Look below and pull out each line with the word "Black".

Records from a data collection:

● ● ● ● ●

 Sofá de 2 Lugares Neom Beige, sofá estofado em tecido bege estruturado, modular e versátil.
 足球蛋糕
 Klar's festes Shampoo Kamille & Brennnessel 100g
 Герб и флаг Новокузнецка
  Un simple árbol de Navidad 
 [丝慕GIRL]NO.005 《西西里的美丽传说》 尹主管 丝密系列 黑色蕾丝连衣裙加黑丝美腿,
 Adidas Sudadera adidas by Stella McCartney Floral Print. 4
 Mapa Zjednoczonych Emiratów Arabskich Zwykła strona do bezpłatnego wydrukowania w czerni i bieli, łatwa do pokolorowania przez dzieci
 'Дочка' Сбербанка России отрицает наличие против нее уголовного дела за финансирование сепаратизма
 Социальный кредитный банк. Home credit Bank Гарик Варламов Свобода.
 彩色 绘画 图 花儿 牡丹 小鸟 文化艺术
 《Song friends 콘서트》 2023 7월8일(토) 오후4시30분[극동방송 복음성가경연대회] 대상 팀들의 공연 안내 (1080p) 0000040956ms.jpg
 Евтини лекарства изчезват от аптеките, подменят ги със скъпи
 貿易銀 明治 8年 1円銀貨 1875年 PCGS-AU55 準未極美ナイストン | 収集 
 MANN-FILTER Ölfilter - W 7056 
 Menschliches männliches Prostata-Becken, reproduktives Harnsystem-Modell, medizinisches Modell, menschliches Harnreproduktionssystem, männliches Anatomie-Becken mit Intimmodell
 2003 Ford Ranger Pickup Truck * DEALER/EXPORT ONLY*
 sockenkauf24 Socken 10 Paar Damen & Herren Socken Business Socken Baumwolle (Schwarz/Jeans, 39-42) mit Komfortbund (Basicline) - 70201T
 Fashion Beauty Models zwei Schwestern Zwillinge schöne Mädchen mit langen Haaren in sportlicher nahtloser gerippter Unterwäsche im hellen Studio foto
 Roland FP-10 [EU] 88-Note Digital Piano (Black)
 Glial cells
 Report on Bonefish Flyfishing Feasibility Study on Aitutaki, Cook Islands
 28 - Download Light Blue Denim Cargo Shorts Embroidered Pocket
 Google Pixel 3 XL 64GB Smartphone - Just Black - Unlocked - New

● ● ● ● ●

> **Result for this task**:
 Roland FP-10 [EU] 88-Note Digital Piano (Black)
 Google Pixel 3 XL 64GB Smartphone - Just Black - Unlocked - New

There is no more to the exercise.